A tender offer of $26 per share will be made directly to shareholders following the rejection by Take Two's directors of last month's equally priced takeover bid.
The Wall Street Journal has learned that Electronic Arts is continuing to pursue a takeover of Take-Two Interactive, following up last month's $26 per share offer that was rejected by Take-Two's board of directors with a tender offer to shareholders at the same price.
The move to circumvent Take-Two's board of directors and approach shareholders directly marks an appreciably hostile turn in EA attempts to complete their latest acquisition. The board has urged shareholders to take no action at this time pending its review of the offer.
Previously, it has maintained that the EA bid is of insufficient value to be accepted, and has decried its timing in relation to the April release of Grand Theft Auto IV as opportunistic.
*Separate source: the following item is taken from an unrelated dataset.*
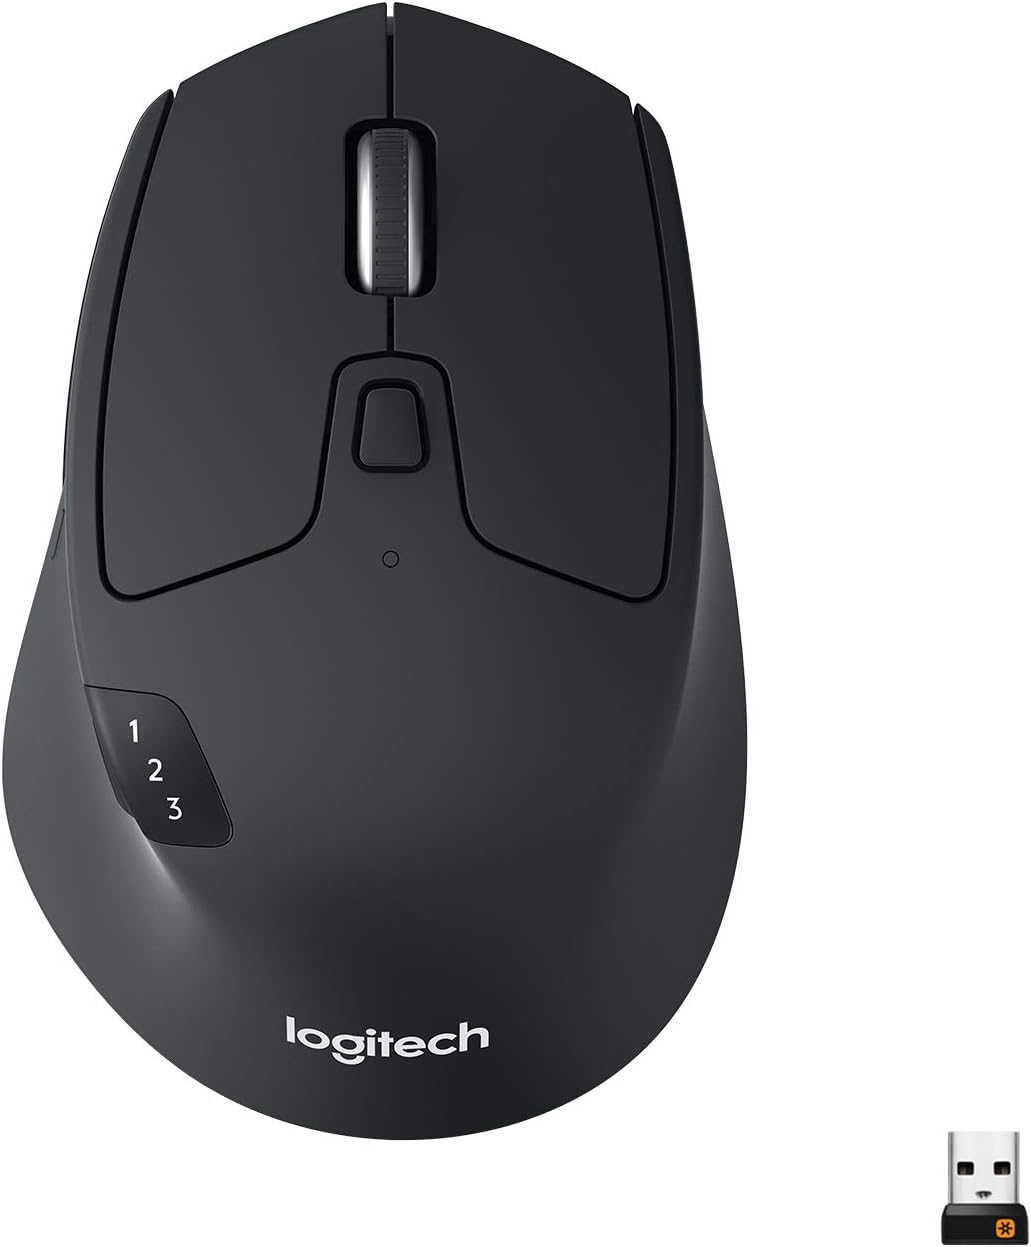 An image of a black Logitech M730 mouse

The offer is said to expire at midnight April 11, a day after Take-Two's annual shareholders meeting. Analysts project that there will likely need to be an increased offer to complete a takeover in the near term, and also that EA may walk away in the hope of a less costly acquisition down the road if shareholders stand their ground looking for a higher price.
When EA initially made its advances public, the $2 billion valuation of Take-Two constituted a 50% premium over the closing price of the company's shares. Subsequently, shares have been trading for around (and briefly above) the $26 level, and are expected to spike upwards again with the release of GTA IV.
In publicly divulged correspondence with Take-Two, EA contends that the market currently reflects expectations of strong sales for GTA IV, hence its valuation is fair and the deal should be made prior to the April 29 launch date. Take-Two's directors have pledged to further discuss any offers only after that date, also noting that other suitors have approached them since EA's bid was made public.